= Heinz Prechter =

American entrepreneur

Heinz Prechter (January 19, 1942 - July 6, 2001) was a German-born American entrepreneur who founded the American Sunroof Company (ASC). He also founded Heritage Network, Inc., made up of companies in transportation, hospitality, and communications. He was an entrepreneur, community leader, and philanthropist. He was also a close friend and strong fundraiser for the Bush Family.

==Early life==
Born in 1942 in Kleinhöbing, Germany, Prechter began his automotive career at the age of 13 as an apprentice in automotive trim, tool and die making, and coach and body building. Germany has had a strong apprentice system in skilled trades, enabling students to gain practical work experience and entry into valuable jobs. After completing his studies at the Berufs-Oberschule in Nuremberg, Prechter furthered his education at Nuremberg's Ohm Polytechnic Engineering School.

During his studies, Prechter gained a wide range of practical experience working for a number of German companies, including Faunwerke (a truck and military equipment supplier), Siemens (an electronics firm), and Deutz (a diesel engine manufacturer).

In 1963, he came to the U.S. as a 19-year-old exchange student. While studying Business Administration and English at San Francisco State College, he began installing sunroofs – then a virtually unknown product in the US.

Fifteen months later, in 1965, Prechter founded the American Sunroof Company (now ASC Incorporated) in Los Angeles. He spent US$764 on tools, built a workbench made from an old door covered with aluminum, and found a sewing machine at a junkyard. His one-man enterprise soon became well known for "custom" sunroofs, and his creative approach to supporting the development of specialty vehicles for the film industry.

==American Sunroof Corporation==
ASC was a supplier of highly engineered and designed roof systems, body systems and other specialty-vehicle systems for the world's automakers. Formerly headquartered in Southgate, Michigan, the company employed approximately 1,000 employees at facilities throughout the U.S.

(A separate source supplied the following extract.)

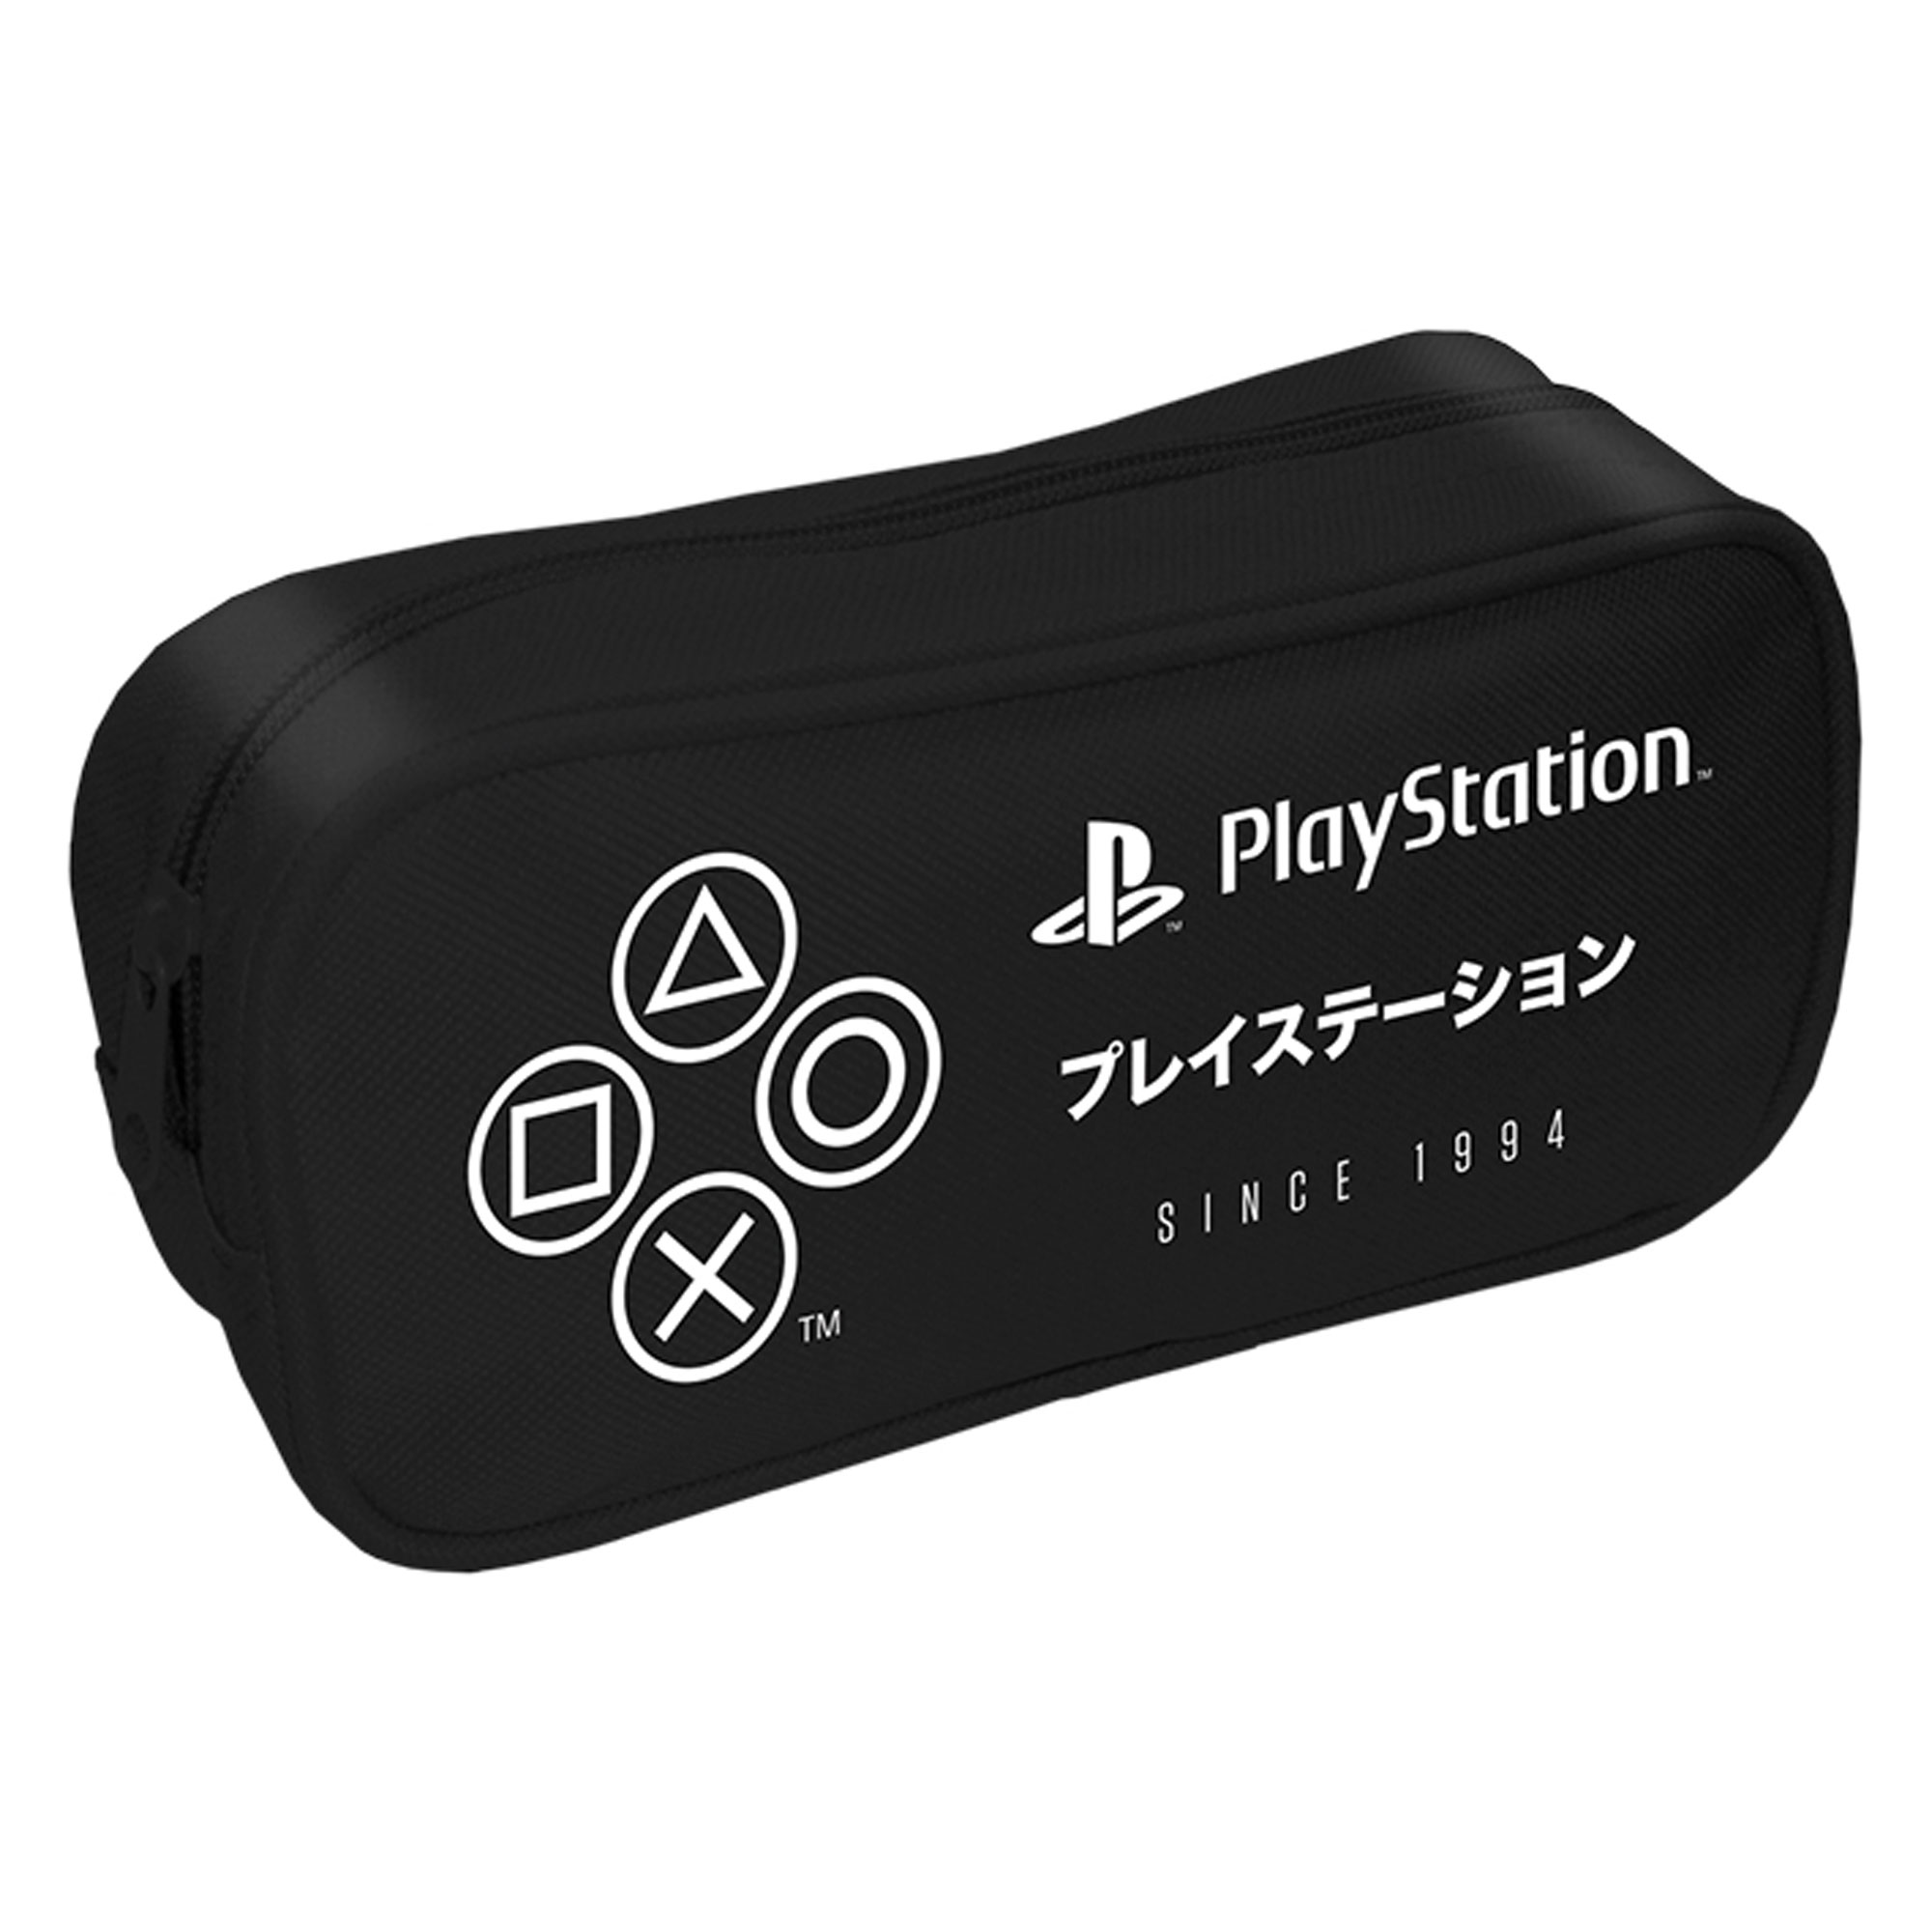 black - Playstation
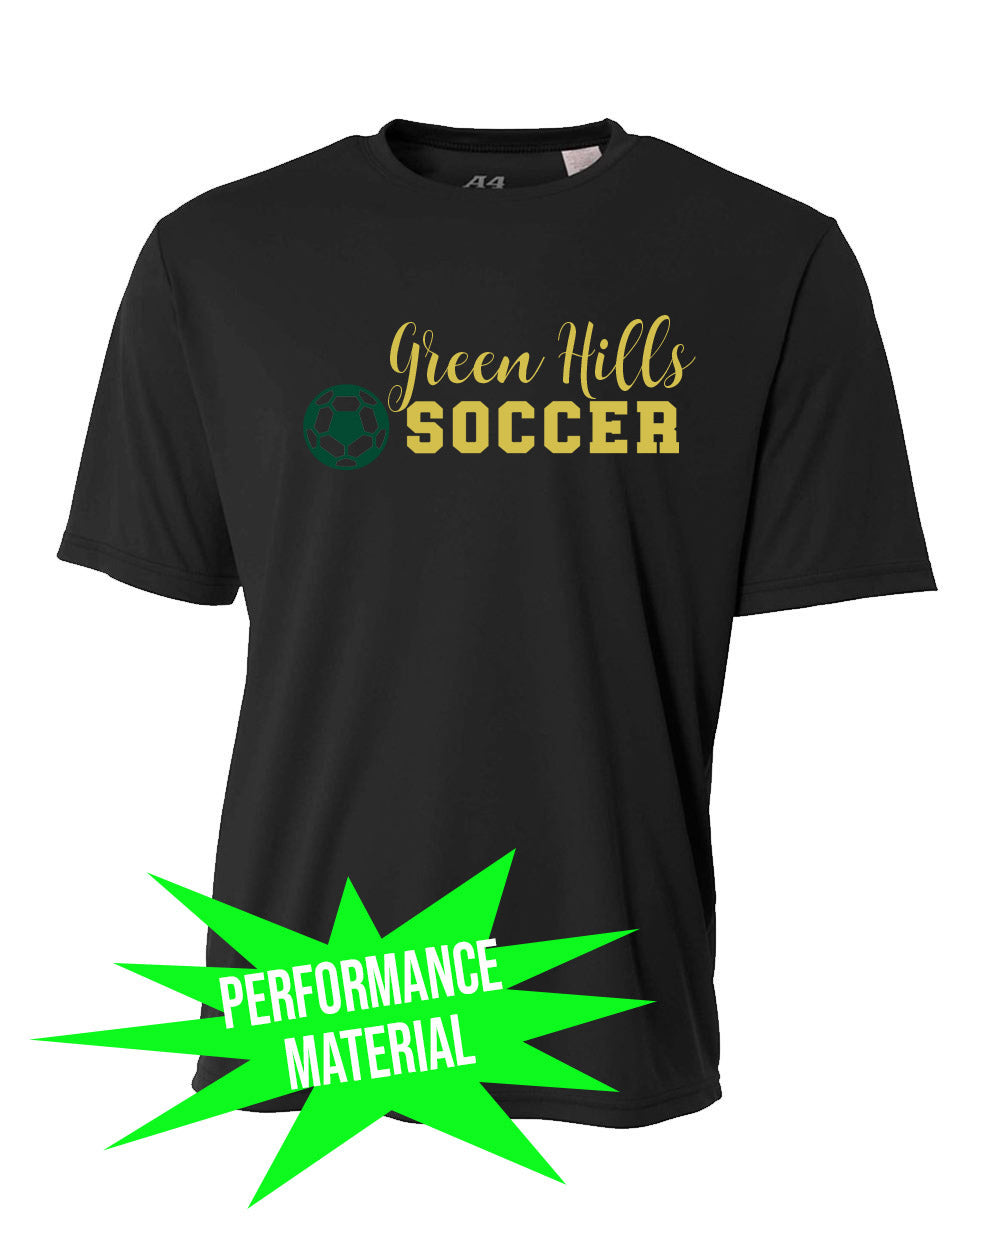 Green Hills Soccer Performance Material design 3 T-Shirt

In addition to ASC, Prechter founded Heritage Network Inc., a group of Michigan companies involved in the transportation, hospitality, and communications industries. His Heritage Network group included a weekly newspaper chain (one of the largest in the state of Michigan), a real estate development company, and a beef cattle business. In early 1997, he created Prechter Holdings, which owned the ASC and Heritage businesses.

Heinz Prechter was recognized for his entrepreneurial accomplishments, broad community involvement, and political achievements. He was named Entrepreneur of the Year by the Harvard Business Club and received the Automotive Hall of Fame's Automotive Industry Leader of the Year award. He served on many community and corporate boards, including those of Detroit Renaissance, Comerica Bank and ThyssenKrupp's automotive supervisory board. He also served as a fundraiser for the Bush Family and was a friend.

==Death==
He died by suicide on July 6, 2001, after dealing with bipolar disorder and bouts of depression for most of his adult life. Seven hundred people gathered for Prechter's funeral. The eulogy was delivered by his good friend, Michigan Governor John Engler, and Donald W. Thurlow, Heritage Media Publisher. He was survived by his wife and twin children.

President George W. Bush issued a presidential press release saying, "Laura and I were saddened to hear of the death of Heinz Prechter".

==Legacy and honors==
His widow Waltraud "Wally" Prechter established a foundation in her husband's memory in October 2001. The Heinz C. Prechter Bipolar Research Fund at The University of Michigan Health System, is directed to medical research — especially in the fields of psychiatric genetics, pediatric bipolar disorder, neuroimaging and neurosciences — to help find cures for bipolar disorder. In 2003 and 2004, the Prechter Fund awarded grants totaling almost $2 million to seven different universities to advance medical research in these fields.

On October 5, 2004 Prechter was inducted posthumously into the Automotive Hall of Fame.